Добавить в цитаты Настройки чтения

Страница 3 из 34



– Не надо волноваться, – Дмитрий Степанович Полянский держался твердо, трусом он не был, – и Минфин, и Госплан показали цифрами, что продукция колхозов дешевле.

Хрущев обратился ко всем членам президиума:

– Я остро этот вопрос поставил, товарищи. Я Полянского считаю не совсем объективным. Мы очень остро говорили по пенсионным вопросам. Вы оказались правы или я?

Почему каждый из нас должен войти с предложением обязательно идеальным? – сопротивлялся Полянский. – Его подписали пять членов президиума помимо секретарей ЦК. Почему вы считаете, что его внес один товарищ Полянский?

– Потому что вы его готовили.

– Напрасно у вас сложилось такое впечатление только на основании одного этого факта, – резко ответил Полянский.

– Не по одному, – угрожающе заметил Хрущев. – Может быть, это возрастное, но я расстраиваюсь, волнуюсь, реагирую. Видимо, пока не умру, буду реагировать. Ничего с собой не могу сделать. Казалось бы, мне какое дело. Мне семьдесят лет, черт с вами, делайте что хотите. Но я коммунист. Пока я живу, пока я дышу, я буду бороться за дело партии...

Чуть позже Хрущев добавил:

– Видимо, мне пора на пенсию уходить. Не сдерживаю свой характер. Горячность.

Затем он обрушился на другого своего заместителя – Алексея Николаевича Косыгина:

– Нет тут Косыгина. Но тут Косыгиным пахнет. Нити тянутся к Косыгину. У него старые взгляды...

Хрущев добился того, чтобы на XX11 съезде партии в октябре 1961 года был принят новый устав, который требовал постоянного обновления руководящих партийных органов. Районные комитеты предстояло на каждых выборах обновлять наполовину, обкомы – на треть, ЦК КПСС – на четверть.
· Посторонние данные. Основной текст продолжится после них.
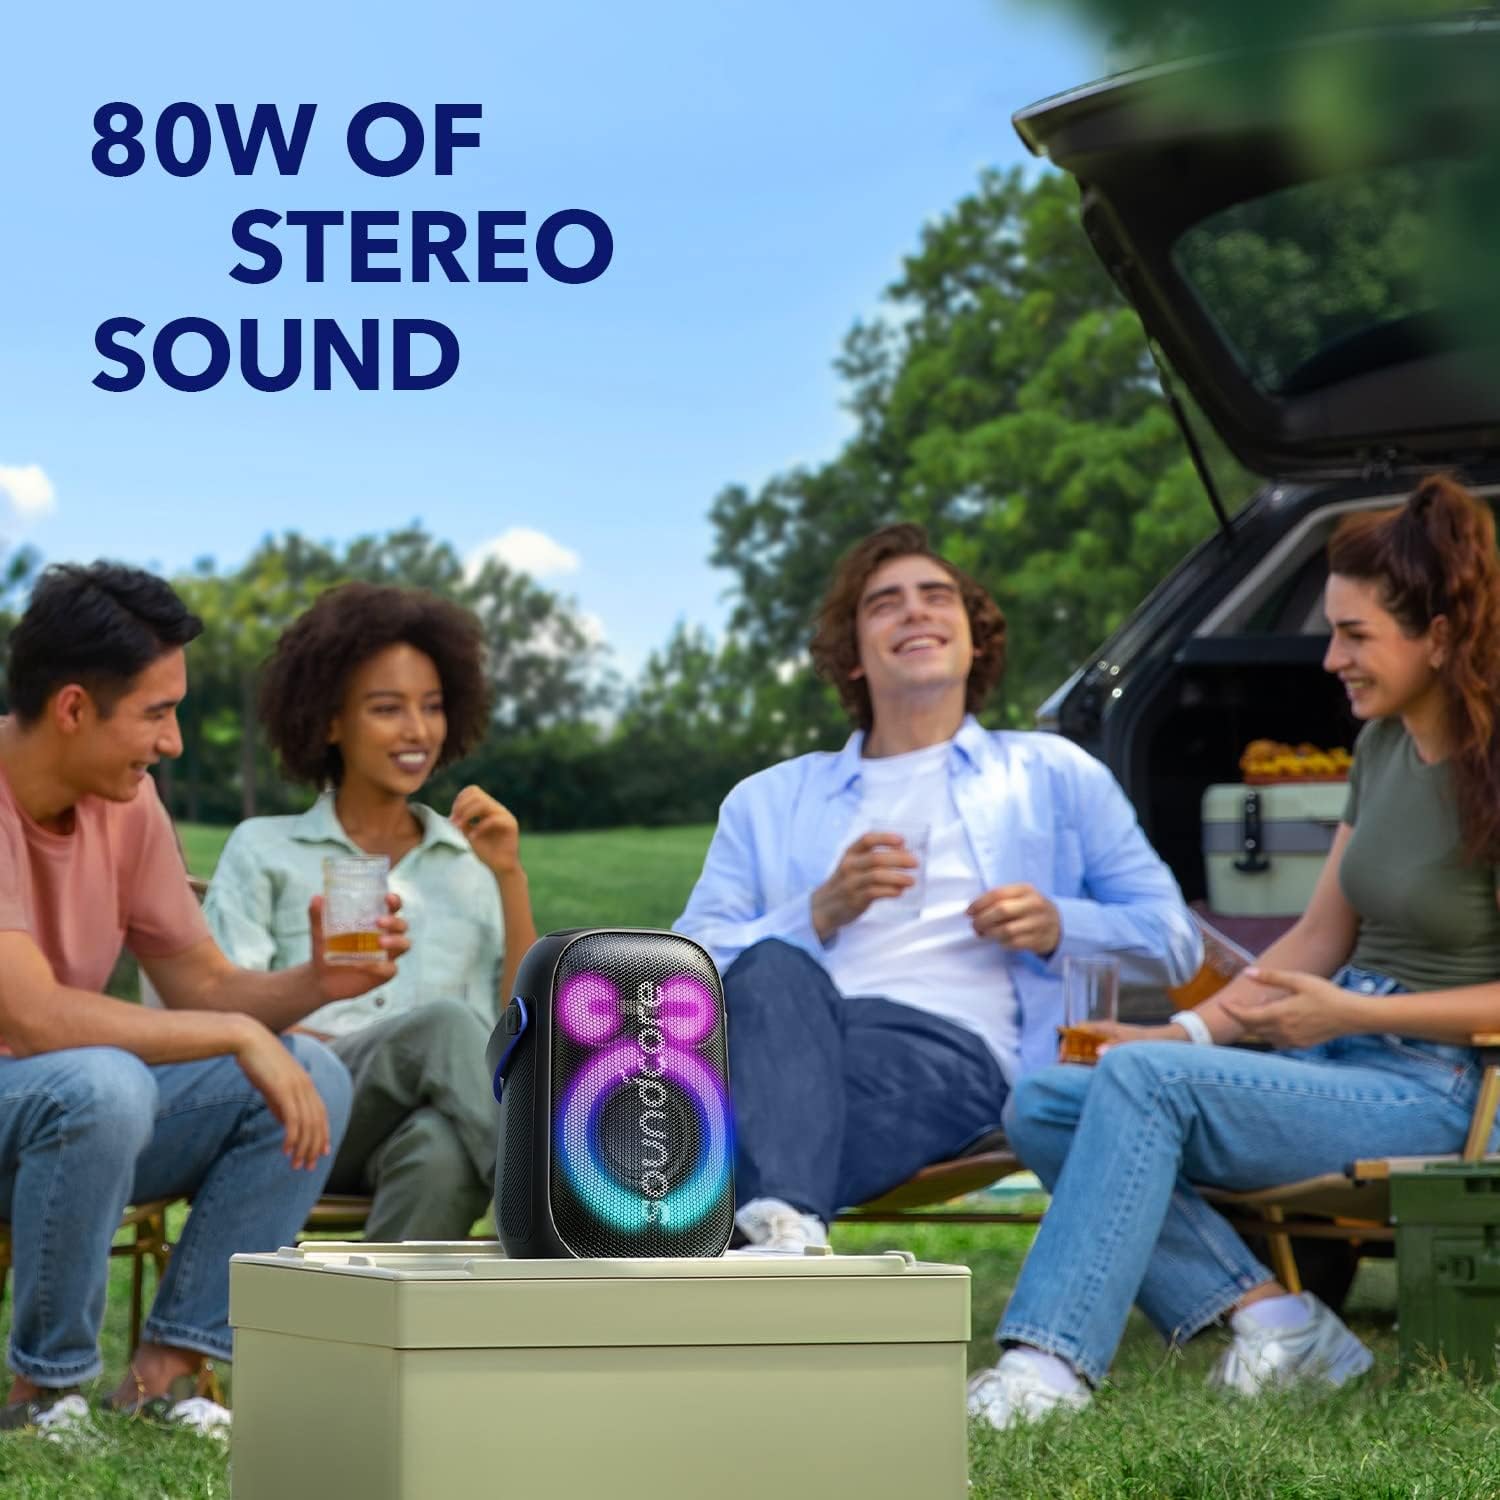 Anker SoundCore Rave Neo 2 Portable Bluetooth Speaker Black

Вот почему чиновники ненавидели Хрущева и поддерживали Брежнева, который позволял им занимать свои кресла по пятнадцать лет.
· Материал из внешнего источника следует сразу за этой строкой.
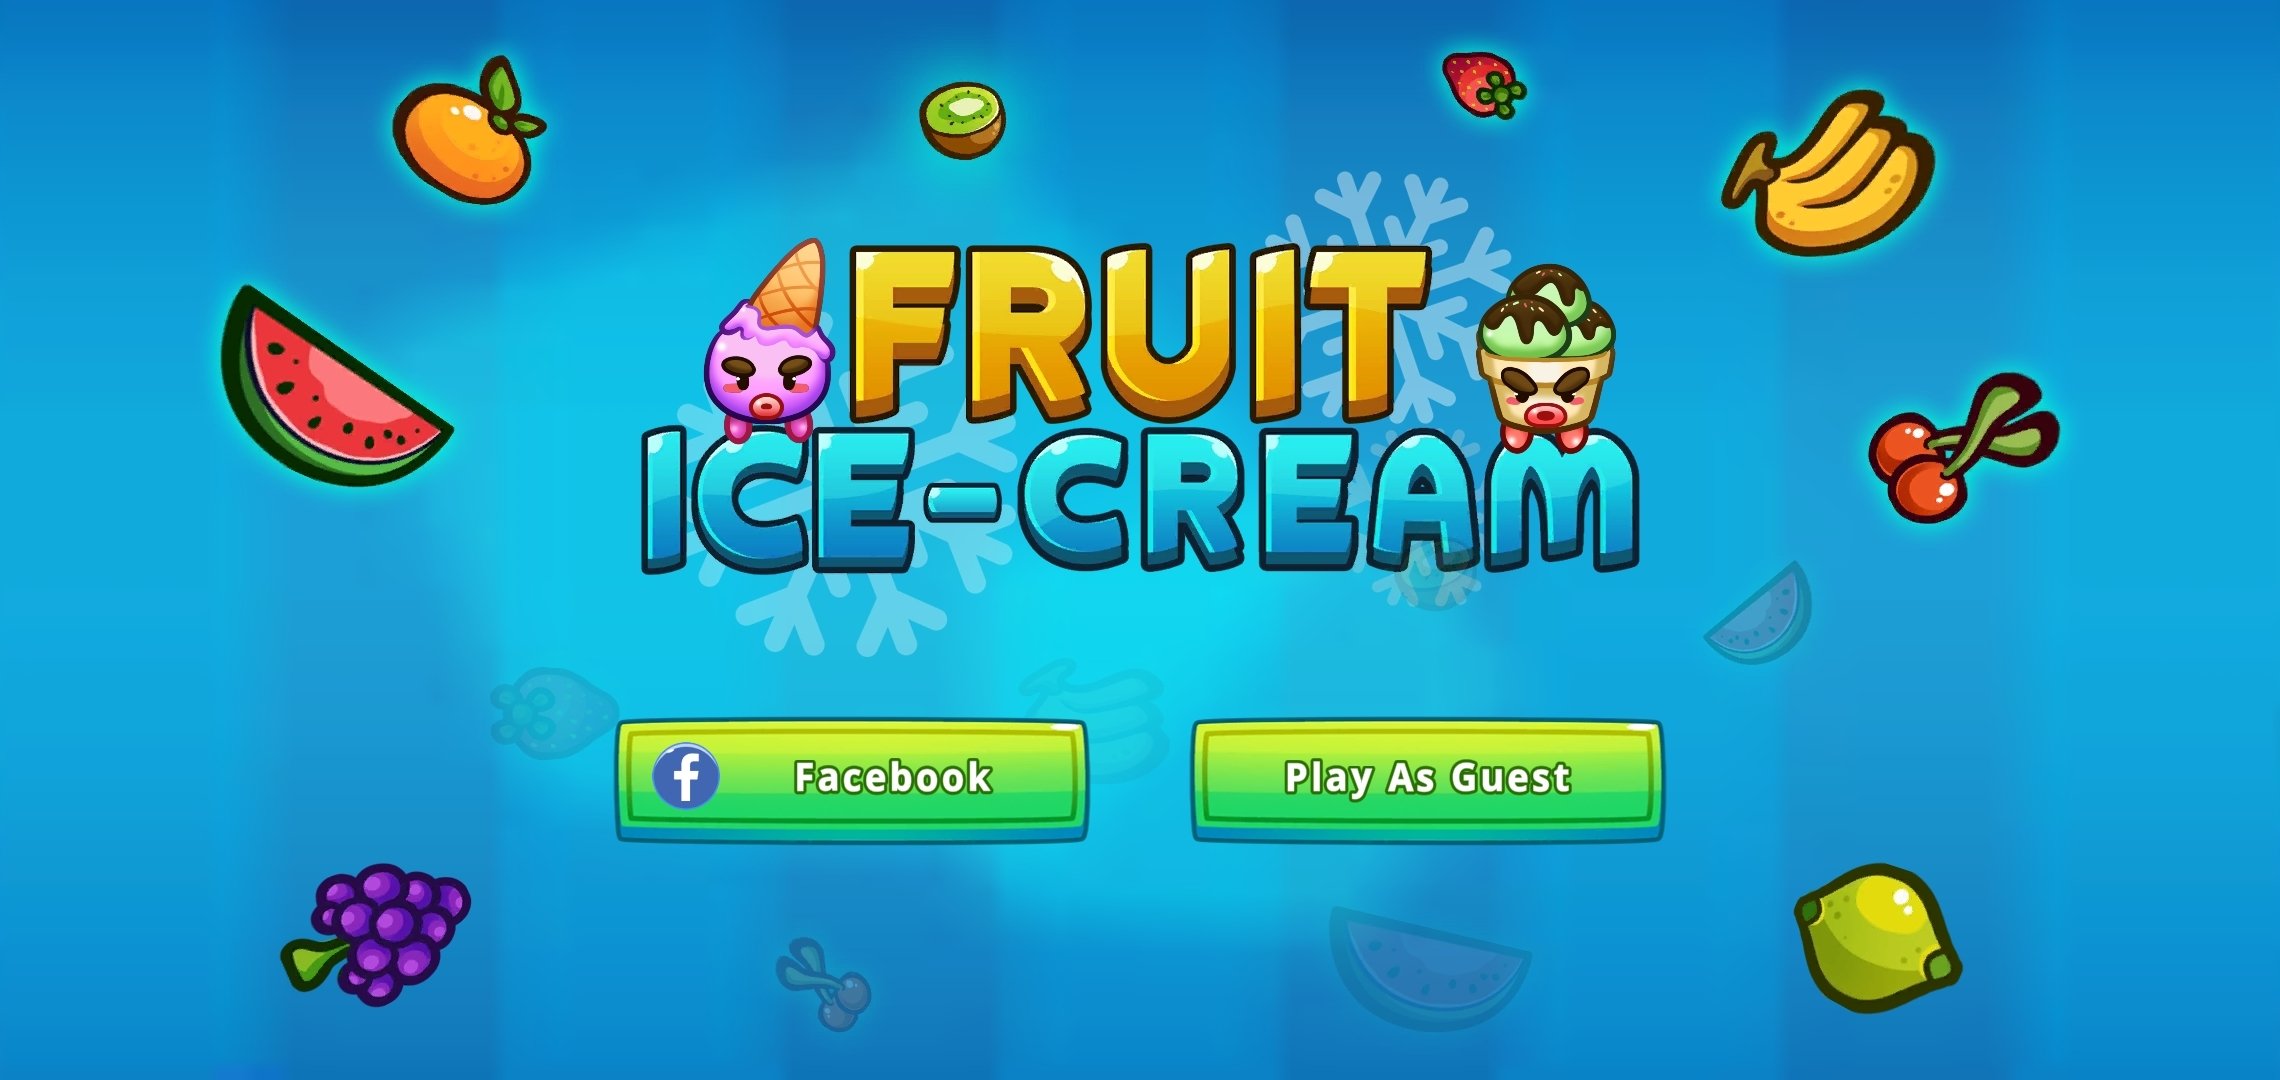 BAD ICE-CREAM PARA CELULAR! - Fruit & Ice Cream - Ice cream war

Окружение Хрущева не одобряло его либеральных акций, критики Сталина, покровительства Солженицыну и Твардовскому, попыток найти общий язык с Западом, сократить армию и военное производство.

27 февраля 1964 года знаменитый поэт и главный редактор журнала «Новый мир» Александр Трифонович Твардовский записал в дневнике:

«Мне ясна позиция этих кадров. Они последовательны и нерушимы, вопреки тому, что звучало на последнем съезде и даже на последнем пленуме ЦК, стоят насмерть за букву и дух былых времен.

Они дисциплинированны, они не критикуют решений съездов, указаний Никиты Сергеевича, они молчат, но в душе любуются своей «стойкостью», верят, что «смятение», «смутное время», «вольности», – все эти минется, а тот дух и та буква останется... Это их кровное, это их инстинкт самосохранения и оправдания всей их жизни...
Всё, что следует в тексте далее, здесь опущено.